SMOTE, a Synthetic Minority Oversampling Technique, is an enhanced method based on the random oversampling, which simply duplicates samples to increase minority samples. SMOTE addresses the issue of model overfitting, this occurs when the model learns overly specific information that lacks generalization [36]. In clinical data analysis, there is often a bias in the data obtained, which means that the ratio of positive data to negative data is not balanced [37]. Therefore, SMOTE has a wide range of applications in the medical field. For instance, Alghamdi et al. [38] used SMOTE to address the negative impact of imbalanced categories in the constructed model when they carried out the project of predicting diabetes. Pandey and Janghel [39] used SMOTE technique to address the issue of class imbalance in the MIT-BIH database for their study on arrhythmia detection. Besides, Wang et al. [40], Francis, Prasad and Zahoor-Ul-Huq [41] and Xu et al. [42] all used SMOTE to solve the problem of uneven data distribution and compared it with other methods, further showcasing the viability and effectiveness of this approach in medical applications.

Materials and methods


In this study, we investigated a database of brain hemorrhage cases collected by the emergency department and neurosurgery department of a local hospital in Xuzhou, China. A total of 892 patients diagnosed with ICH from 2014 to 2019 were extracted from the database. All personal information about the patients was erased.

The studied population should met revised diagnostic criteria raised in the 4th National Conference on Cerebrovascular Disease: (1) ICH diagnosed by CT images; (2) Previous history of hypertension; (3) Age no less than 18 years old; (4) First cranial CT within 6 h of onset, and follow-up cranial CT within 24 h of first cranial CT. After applying these criteria, a total of 582 records were retained and used in the study.

Data extraction

The patient’s cranial imaging findings were interpreted by the imaging physician to determine the site of the cerebral hemorrhage, the volume of the hematoma, whether the hematoma was regular, and whether the hematoma had broken into the ventricles. If the absolute value of the hematoma volume increased by 6 ml or the percentage of increase in the hematoma volume was above 33% between the first and second CT examinations, the hematoma was considered enlarged. The hematoma was divided into two groups: the HE group (case group) and the non-HE group (control group).

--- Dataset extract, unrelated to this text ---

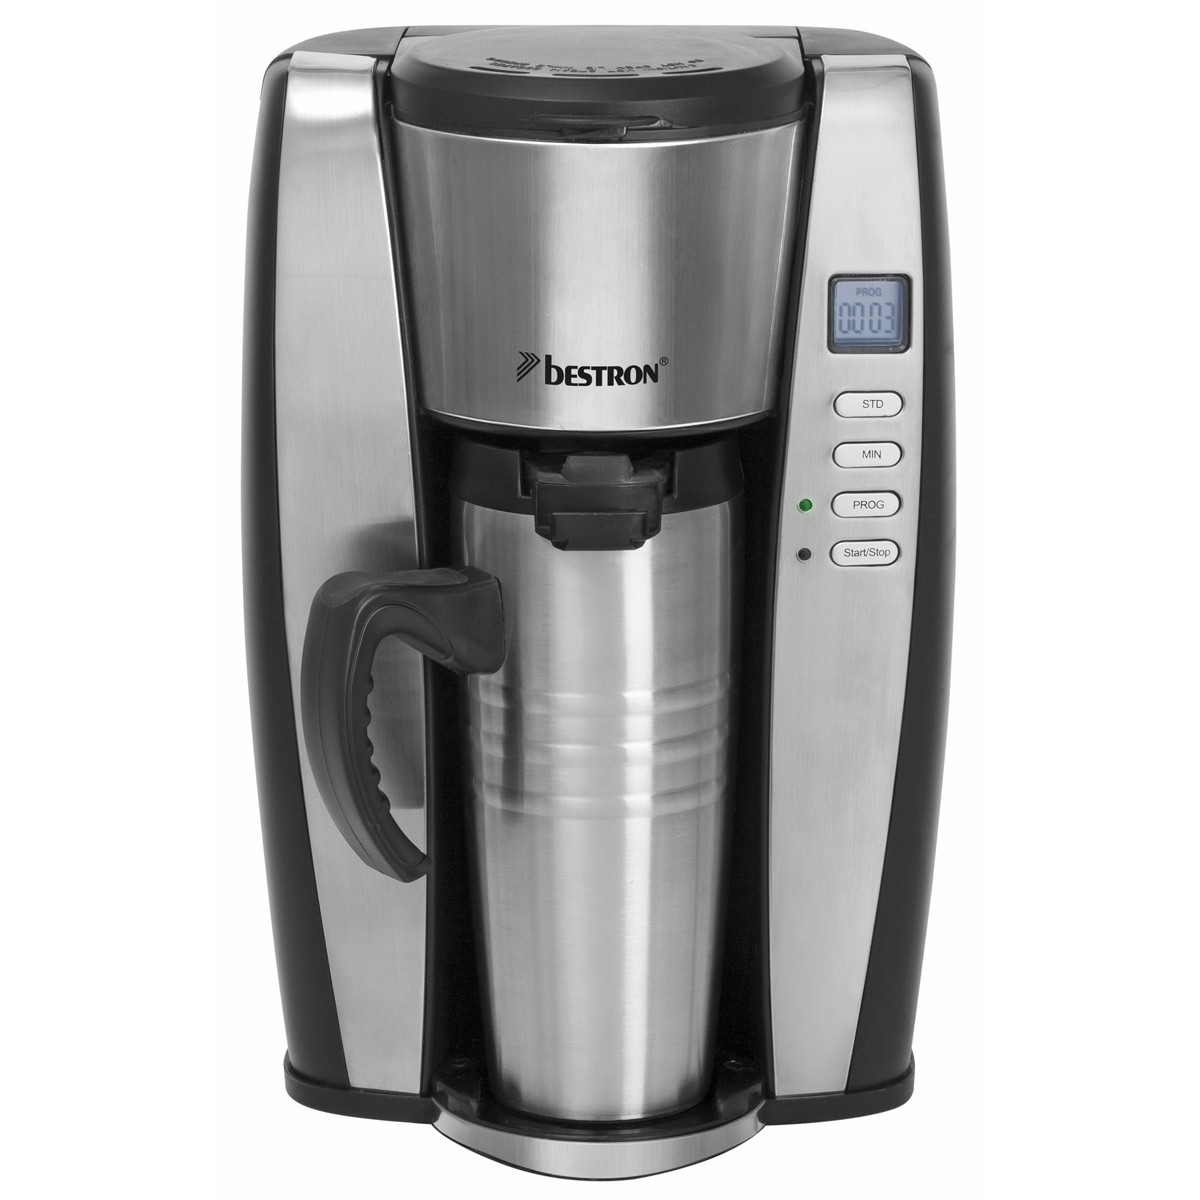 Bestron koffiefilter apparaat ACUP650

The demographics and CT image extraction information we used as indicators in this study included age, gender, diabetes mellitus, alcohol use, ICH position,  adimission GCS score, baseline hematoma volume and hematoma expansion, as well as admission SBP, and admission DBP, left or right, hematoma shape score, hematoma heterogeneity, island sign, satellite sign, black hole sign, blend sign, swirl sign, IVH, SAH and MLS. Among those indicators, hematoma expansion is our target predictive variable. Table 1 lists and describes these indicators.

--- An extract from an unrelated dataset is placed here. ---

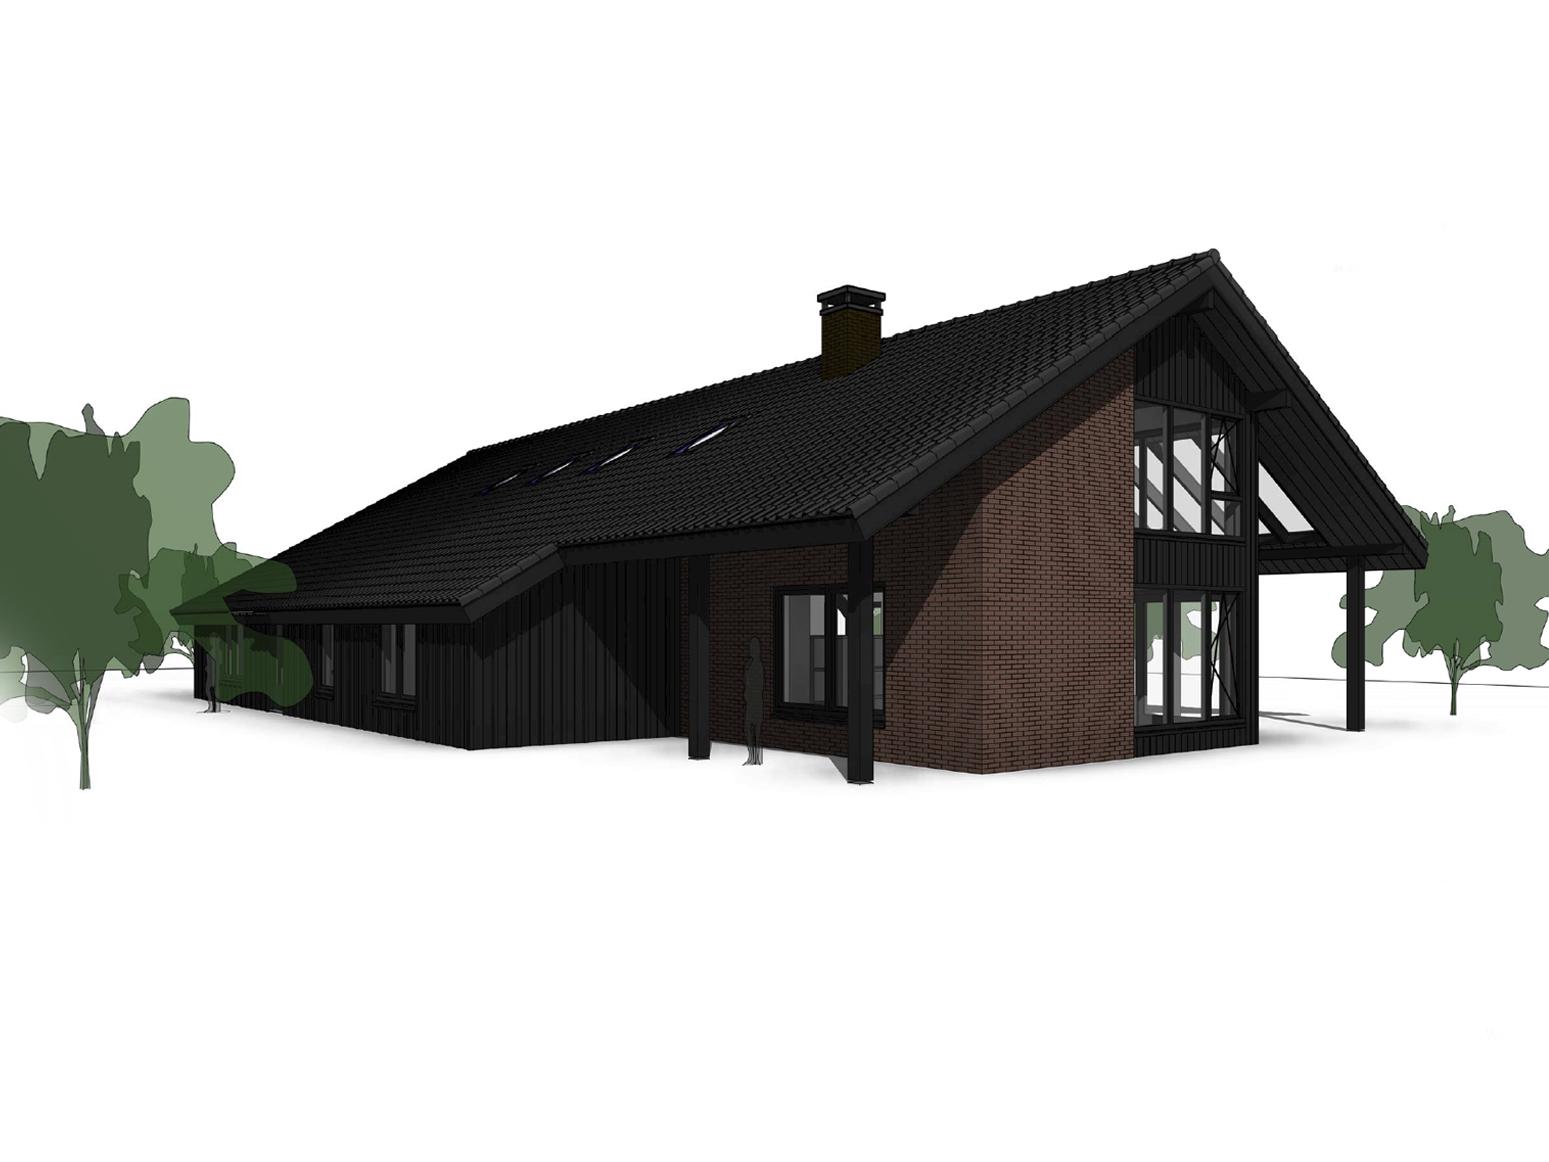 stoer-schuurwoning-klarenbeek-metselwerk-donker-van-oord-architectuur-en-design-wenum-wiesel-architect-voorst-architect-apeldoorn-3

Table 1 List of abbreviations


Of these 582 patients studied, 114 (19.6%) of them were diagnosed with an HE. The composition for the different variables are shown in Table 2. Univariate analysis shows the differences between the two groups are statistically significant in terms of admission SBP, admission DBP admission GCS score and baseline hematoma volume (p < 0.05). While the other indicators are not statistically significant (p > 0.05).

Data pre-processing

Classification variables, such as gender and various signs, were transformed into binary variables by label encoding. In terms of gender, male was encoded as 1 and female was encoded as 0. In terms of various signs, those that appear were encoded as 1, while those that did not appear are coded as 0. A special variable is the ICH position. Given that almost 50% of ICH occurs in the basal ganglia, we group the basal ganglia into one category, and uniformly assign the remaining positions to another category for coding. After the feature standardization is complete, we fill in the missing values with the average value of the column. This step is specific to machine learning models except XGBoost, which has its own processing for missing values. For all continuous variables, we kept the values and applied Z-score normalization to the data.

Table 2 Variable description

Implementation process

After obtaining the preprocessed data, we first randomly split the dataset into a training set and a test set in the ratio of 8:2. We then applied a variety of machine learning algorithms to train on the training set and validate on the test set, and compared the accuracy, precision, recall and F1-score obtained by different algorithms. Meanwhile, the parameters of the algorithms were determined by the Grid Search in Sklearn. Afterward, we used SMOTE to augment the data for the case group, ensuring that its sample size was the same as the control group. The same process was used to train the augmented data, and the predicted performance was combined and discussed with the results previously obtained. After training the models, we analyzed the indicator importance using SHAP value.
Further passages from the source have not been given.